Кстати, С.М.Кравчинский, автор передовой статьи в первом номере «Земли и воли», в которой содержалась известная формула: «Революции — дело народных масс. Подготовляет их история. Революционеры ничего поправить не в силах
», здесь же с явным удовлетворением писал: «Грозно поднимается отовсюду могучая подземная сила. Какое лучшее зеркало для бойца, как не лицо его противника? Смотрите же, как исказилось оно у наших врагов, как мечутся они, обезумевшие, от ужаса, не зная, что предпринять, чем спастись от таинственной, неуловимой, непобедимой силы, против которой бессильны все человеческие средства». И далее, вполне по-морозовски: «Чудовище», жившее до сих пор где-то под землею, занимаясь подкапыванием разных «основ», вдруг от времени до времени начинает высовывать наружу одну из своих лап, чтобы придушить то ту, то другую гадину, которая слишком надоест ему. И при каждом своем появлении на свет, «чудовище» обнаруживает все большую и большую дерзость и беспощадность в исполнении своих кровавых замыслов и все большую ловкость и быстроту в укрывании своих следов»[109].Логичнее, впрочем, предположить влияние, во всяком случае стилистическое, Кравчинского на Морозова, нежели наоборот. Сравните: «Неведомая никому» подпольная сила вызывает на свой суд высокопоставленных преступников, постановляет им смертные приговоры — и сильные мира чувствуют, что почва теряется под ними, как они с высоты своего могущества валятся в какую-то мрачную, неведомую пропасть...»[110]

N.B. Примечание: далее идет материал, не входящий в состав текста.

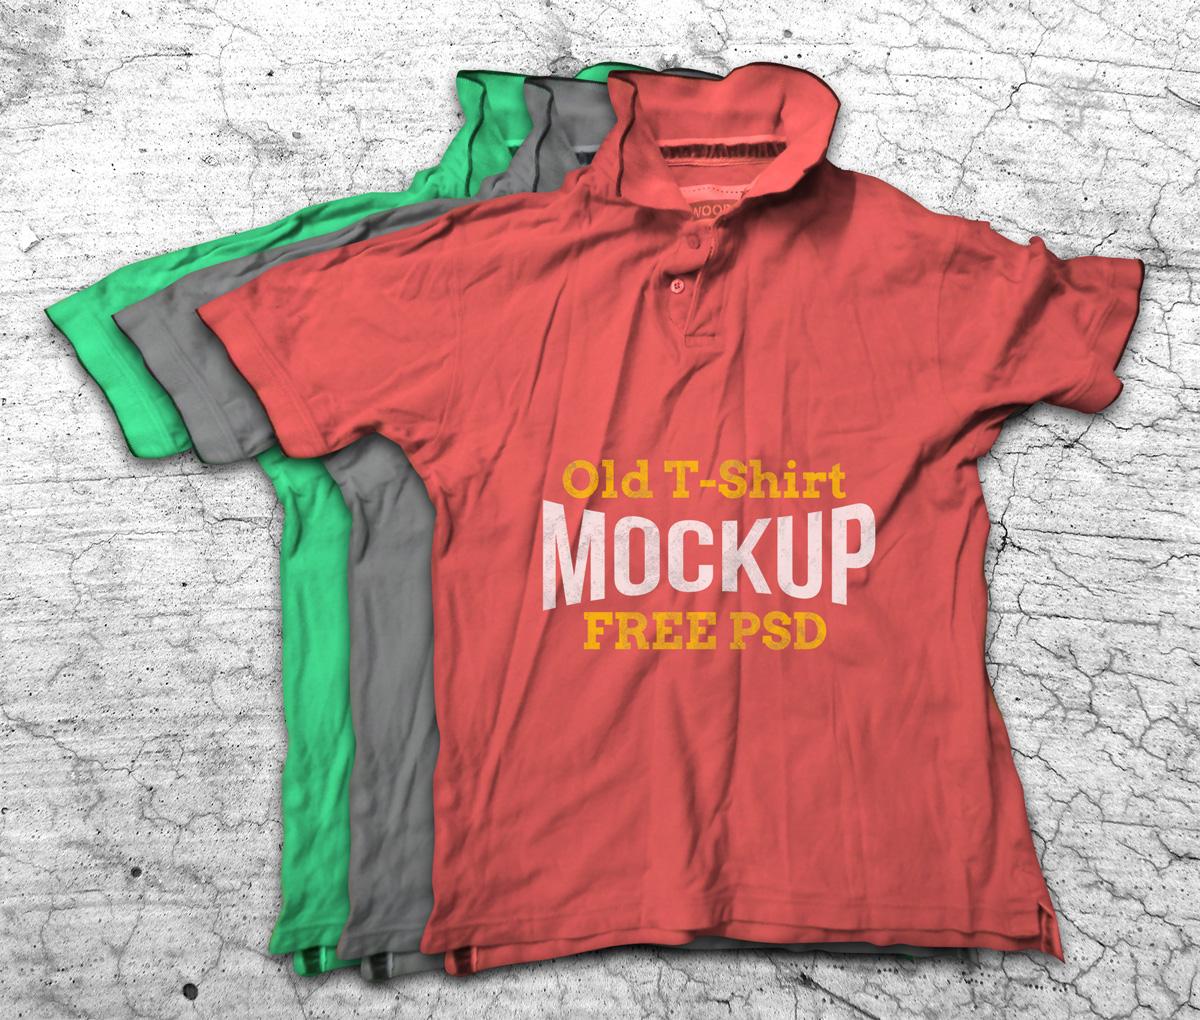 Black t shirt mockup psd free - Black T Shirt Mockup Psd Free 45

Это уже Морозов. «Политическое убийство, — делал вывод будущий почетный академик, — это самое страшное оружие для наших врагов, оружие, против которого не помогают ни грозные армии, ни легионы шпионов
». С его точки зрения, «3—4 удачных политических убийства» заставили правительство прибегать к таким экстраординарным мерам самозащиты, «к каким не принудили его ни годы пропаганды, ни века недовольства во всей России, ни волнения молодежи» и т.д. «Вот почему, — писал Морозов, — мы признаем политическое убийство за одно из главных средств борьбы с деспотизмом». Несколькими строками выше он высказался еще категоричнее: «Политическое убийство — это осуществление революции в настоящем»[111].